Using ORDER BY and getting most recent version of records

Question 1

I think this does what you want. It parses the column to get the first and last parts and then finds the maximum "DATE" for each. It returns the row that matches the date:

select id, "DATE", COL_A
from (select v.*,
             max("DATE") over (partition by substr(col_A, 1, 1),
                                            substr(col_A, 8)
                              ) as maxdate
      from versiones v
     ) v
where "DATE" = maxdate;

The SQL Fiddle is here.

Question 2

I am not sure but i think this would work : "HAVING date >= MAX(date)-1"

max(date)-1 will return 2014-1 = 2013 , which will eventually filter out the results based on date >= 2013 .

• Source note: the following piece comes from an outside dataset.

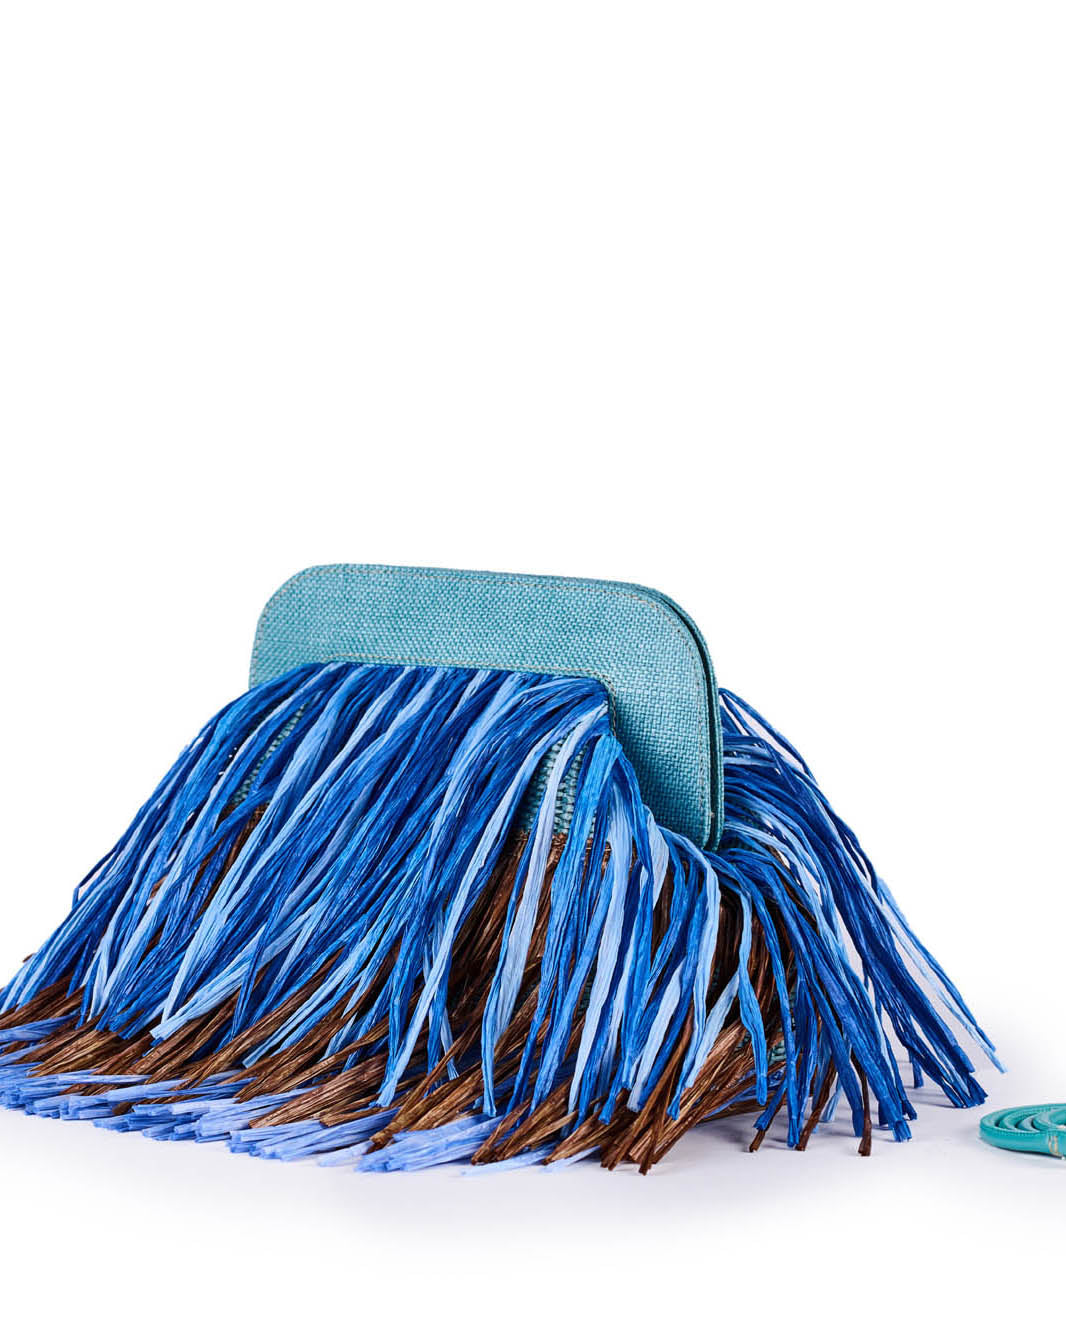 Blue handcrafted fringed handbag with unique design against white background

But this would list all the 2013,2014 entries ..

Question 3

You could use an analytic function to get the maximum version, and then select the corresponding records, as below:

SELECT
  *
FROM
  db.table
WHERE
  Col_0 IN
  (
    Select Distinct
      Max(Col_0) Over (Partition By Replace(Col_0, Replace(Regexp_Substr(Col_0, '_[^,]+_'), '_', ''), '') 
                       Order By REPLACE(Regexp_Substr(Col_0, '_[^,]+_'), '_', '') DESC) AS Col_0
    FROM
      db.table
  );

Also, please note that you would not be able to name a column as DATE, because DATE is a reserved word.

Question 4

Here is my answer:

select * from
versiones
where SUBSTR(COL_A,0,6)
in(
  select version from
  (
  select SUBSTR(COL_A,0,1) letra,max(SUBSTR(COL_A,6,1)) maximo,
  SUBSTR(COL_A,0,1)||'_Ver'||max(SUBSTR(COL_A,6,1)) version
  from versiones
   group by SUBSTR(COL_A,0,1)
  )
  cs
  )

Sqlfiddle: http://sqlfiddle.com/#!4/84a8f/13